See Below infographics on the current statistics of business registrations at the Registrar General’s Department (RGD)

Summary infograph_Registrar General’s Department (RGD)_2


With the automation at the Registrar General’s Department (RGD), business registration has become fairly easy.

All business registration forms are downloadable at or on-sale at GHS 50.00 at the RGD. Register your company in Ghana with ease, by simply following the steps outlined below.

Steps to Registering a Company Limited by shares in Ghana

Step 1 – Company Name search at RGD

Conduct your company name search in Ghana to ensure the availability of the proposed business name for the company. Company promoters may after the name search apply to have their business name reserved for a period of 30 days.

The business name must be meaningful, relevant and distinctive.  Business names that are too similar to existing names are likely to be rejected by the Registrar General’s Department. For example, if there is an existing company called Yayra Company Limited, a similar name like Yayara Company limited cannot be registered; such a name would be rejected, however, applicants will be advised to amend their company name accordingly. The choice of a business name must be relevant to the nature of activity of the company. Moreover, the business name must not be offensive and undesirable or violate existing trademarks.

Step 2 – Taxpayer Identification Number (TIN) registration for all company directors, secretary and shareholders

Download TIN forms @ . All company directors, secretary and shareholders are required to register and obtain a TIN for the purposes of business registration. Complete TIN forms and attach a copy of photo ID (Drivers, passport bio-data, voters ID). TIN numbers are created within 24 to 48 hours at no charge at any Ghana Revenue Authority office.

TIN numbers can also be created for corporate organizations. This situation becomes necessary when the shares of the company being registered are held by a corporate entity. In such a scenario, the corporate organization will obtain a TIN Form for Organizations and dully complete same and attach a letter of introduction. A TIN number will subsequently be created for the corporate shareholder.

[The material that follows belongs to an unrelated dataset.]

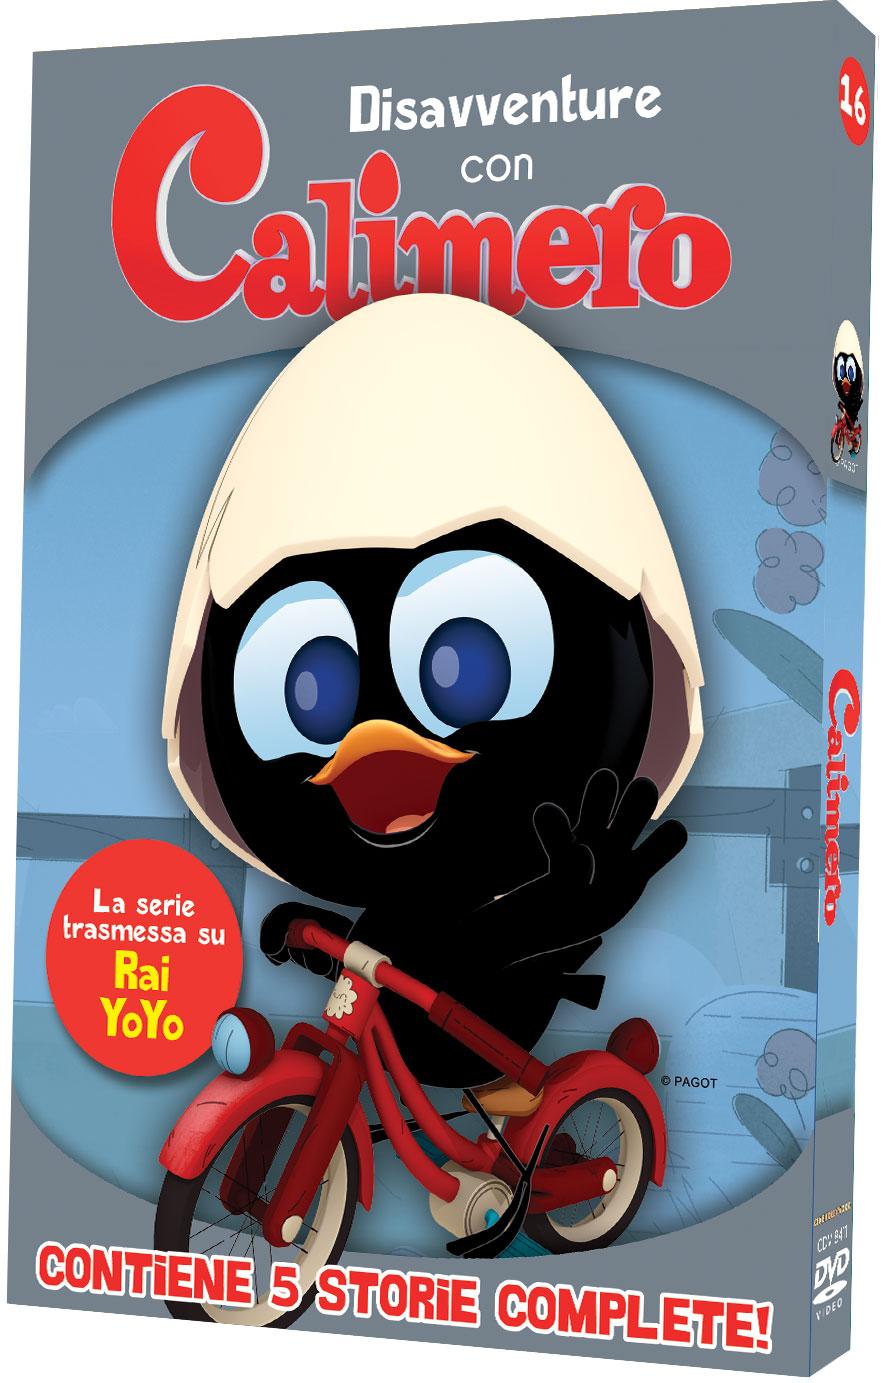 CALIMERO - DISAVVENTURE CON CALIMERO (DVD)

All persons or organizations are required to have one TIN number for all their registered businesses; in case you decide to register more than one business entity or you serve as a director on several business organizations. Information required to complete an individual TIN form include;

  • Name
  • Occupation
  • Photo ID details
  • Mother’s maiden name
  • Residential and postal address (Digital/Ghana Post Address of the company)
  • Contact

i.  TIN form for business registration

For more information, watch this video;

STEP 3 –     The next step is to download and complete the following forms below.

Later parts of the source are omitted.